Voici l'histoire en quelques mots. En 1880, dans l'île anglo-normande d'Alderney, non loin de Guernesey. A la suite d'un accident, Sarah
McNeil a presque perdu l'usage de sa voix et vit dans la solitude des landes. Jusqu'à ce que deux évènements bousculent sa vie : la découverte d'une histoire d'amour, rapportée par la gazette d'Edimbourg, et la rencontre d'un maraîcher français nommé Gaudion, dont le bateau s'est échoué sur la côte. Un baiser plus tard, l'homme exposé à l'hostilité des soldats de l'île, doit repartir. Pour le retrouver la jeune fille usera de tous les stratagèmes. de Londres à Trouville, puis à la prison de Pont-l'Évêque, l'amour fantasmé de Sarah cherche, à force de courage, à s'attirer un destin plus favorable. Chaque personnage rencontré dans son périple est quasi inoubliable tant il représente une facette du genre humain : Hermie le garçon vacher, Gaudion le capitaine du bateau échoué sur l'île, M. Pook l'étrange empailleur, Nicolas Dunglewood le graveur de tombes, Marie le Faoûet la bonne pessimiste en tout et Soeur Véronique la religieuse amoureuse et prosélyte de Dieu.
Sarah McNeill, au filet de voix si ténu, a des difficultés à se faire entendre, ce qui l'amène à vivre intensément sa vie intérieure.
Elle n'est pas allée à l'école, c'est son père qui a tenu à lui faire lui-même son éducation en commentant tous les deux les journaux. Son intelligence et sa sensibilité sont évidentes, elle possède aussi une grande naïveté qui la pousse à toutes les péripéties, souvent improbables mais toujours palpitantes sous la plume efficace et poétique de
Didier Decoin. Il faut lire ce livre en se laissant happer par la surprise permanente, sans pouvoir anticiper la suite, jusqu'au point final.
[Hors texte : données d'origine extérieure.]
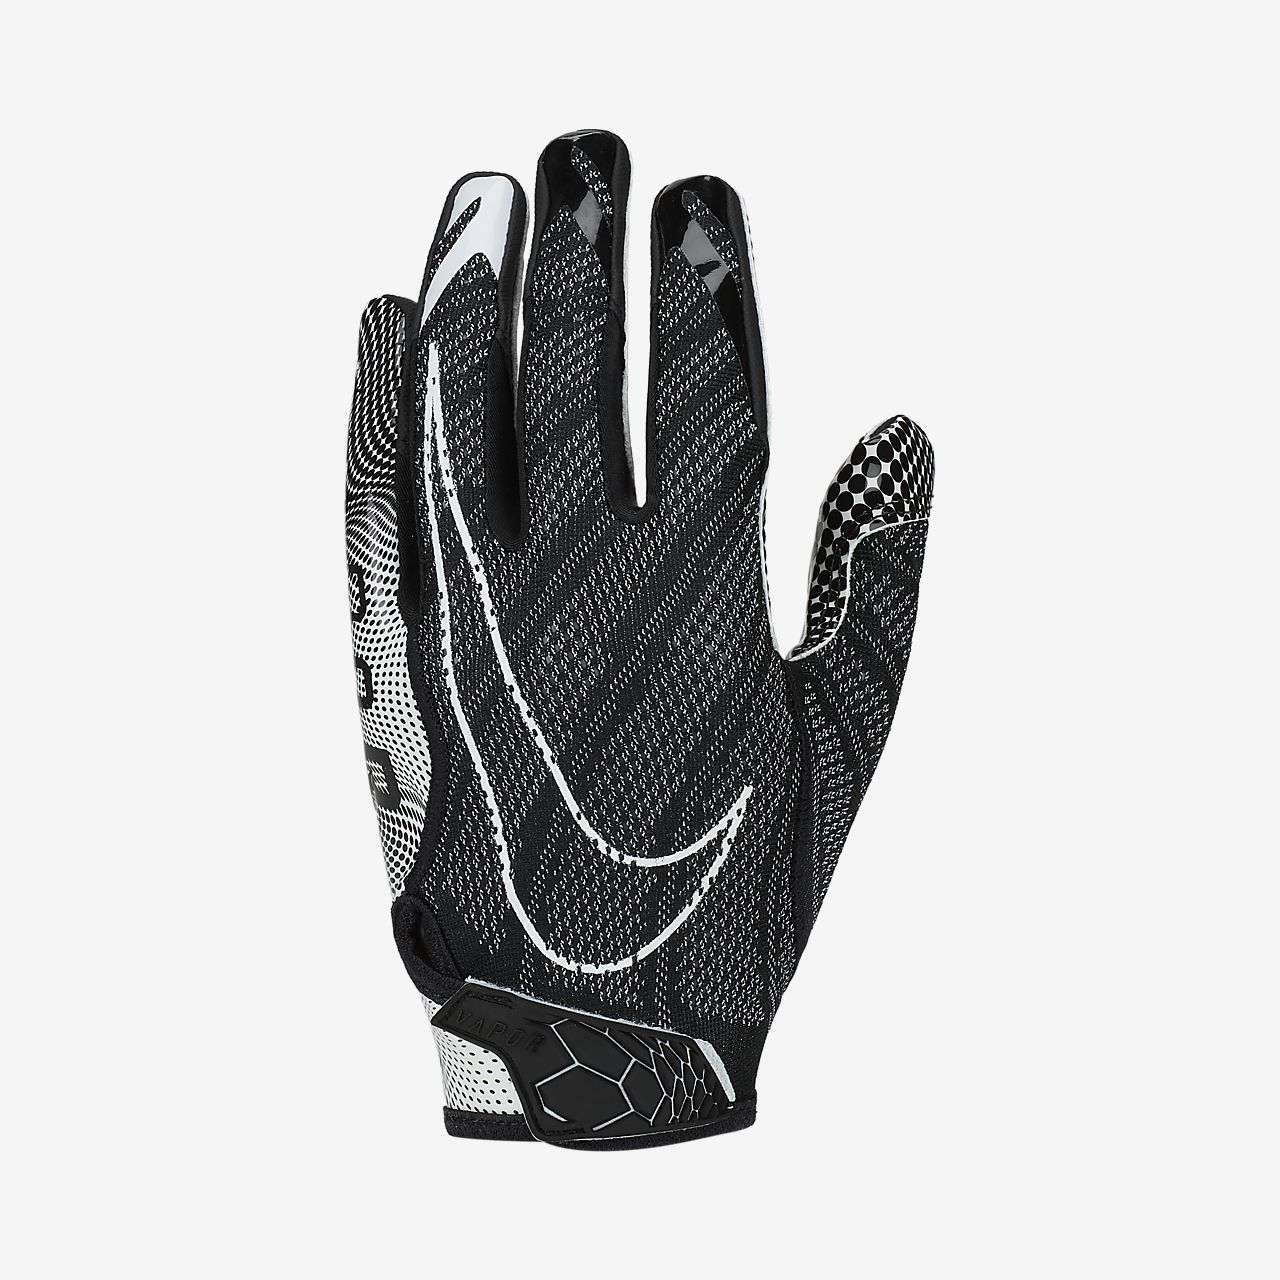 nike vapor 3 football gloves
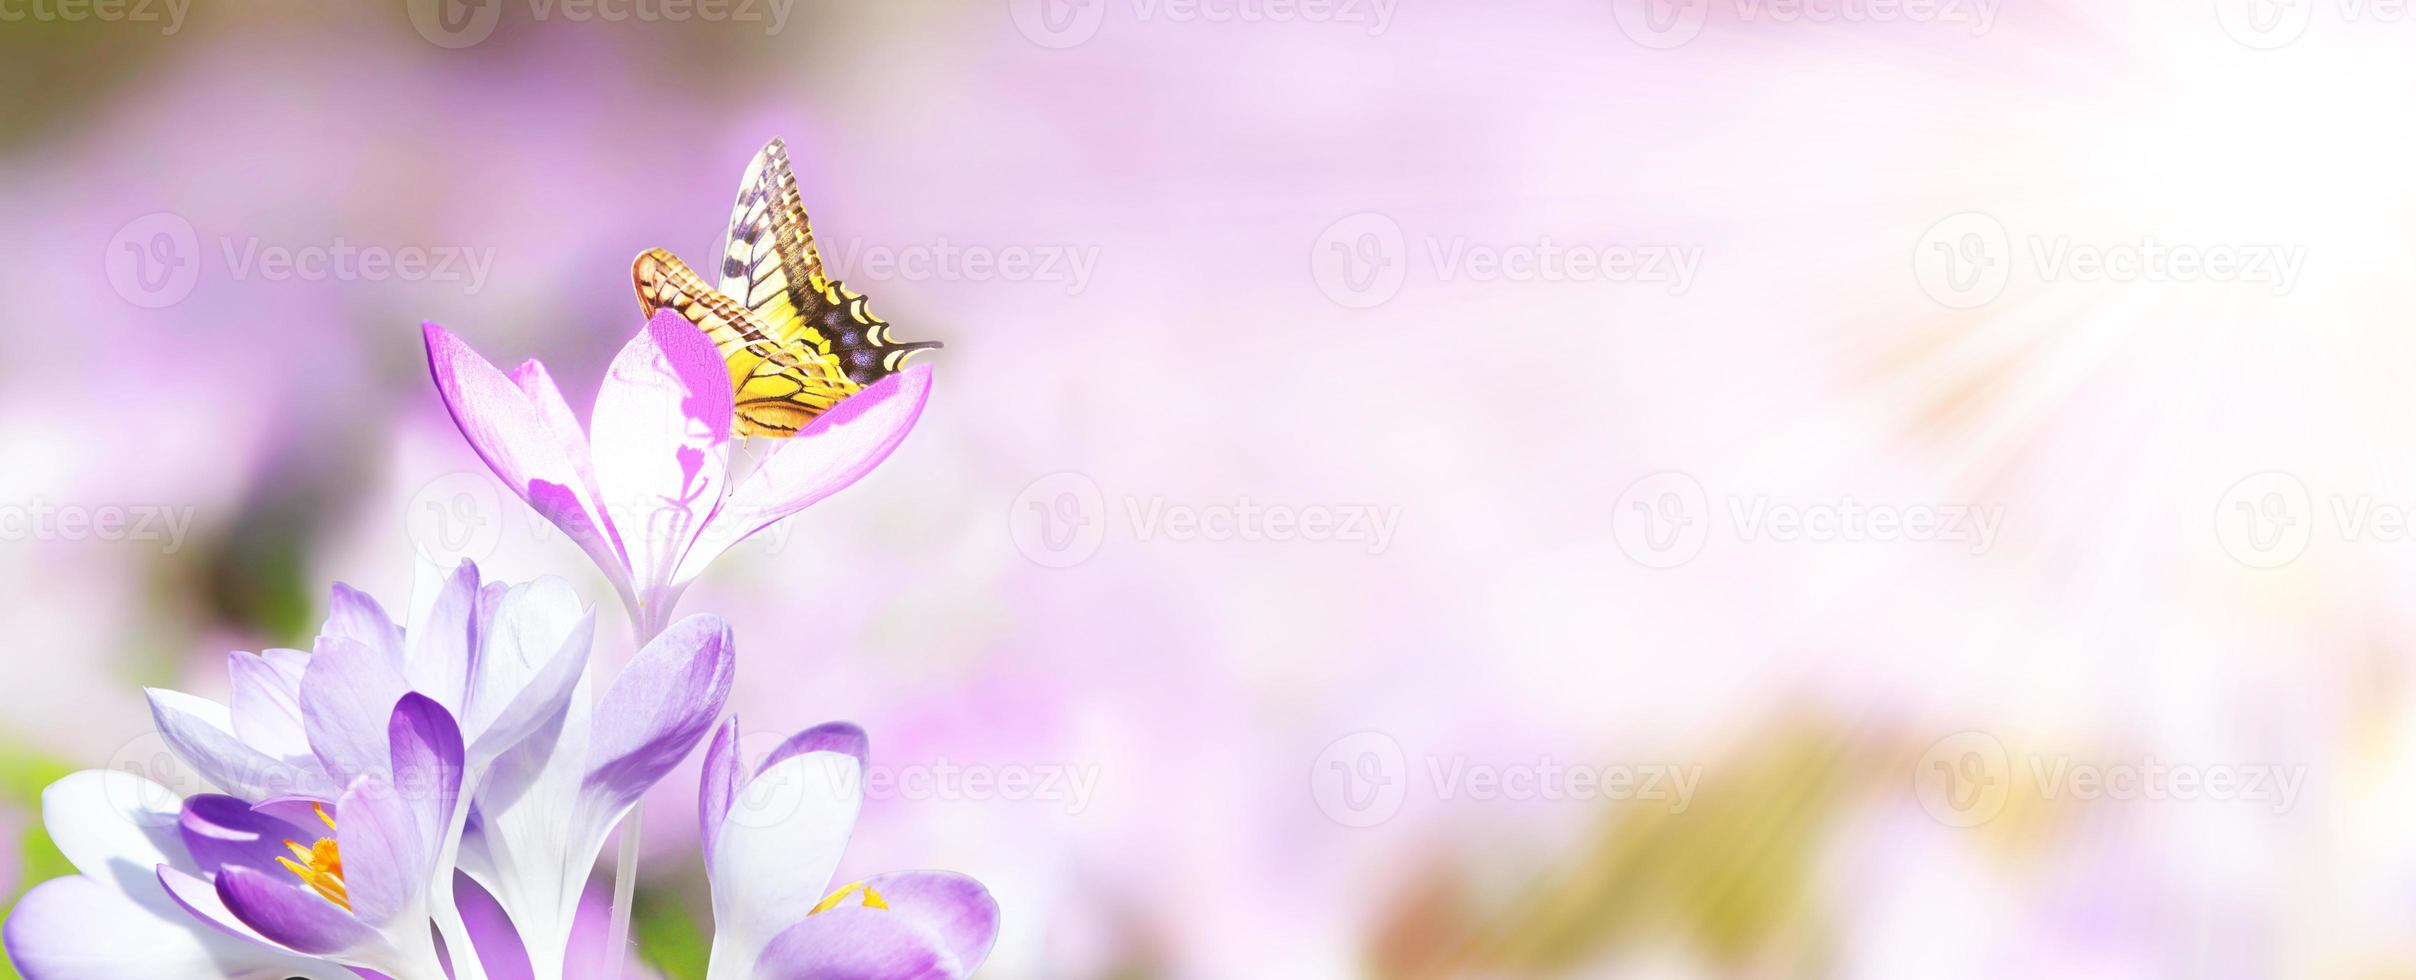 krokus bloeit in een zachte focus op een zonnige lentedag met vlinder foto

Sarah est l'oie blanche, n'hésitant pas à suivre des personnages douteux, attirés par sa beauté et sa sensualité, réussissant malgré tout à se sortir des situations difficiles et continuant son périple avant de revenir comme Ulysse sur son île natale.
Roman d'aventure maritime, de voyage, roman initiatique, il y a de tout cela et avant tout le goût de conter des histoires, les mots, les phrases attirant d'autres phrases vers d'autres lieux et de nouveaux personnages. Attention, il faut être vigilant sur les pistes laissées par
Didier Decoin, surtout à la fin... Je connais des lecteurs qui sont passés à côté du dénouement et c'est bien dommage ! C'est un livre plaisant qui m'a beaucoup amusé. Quel titre magnifique !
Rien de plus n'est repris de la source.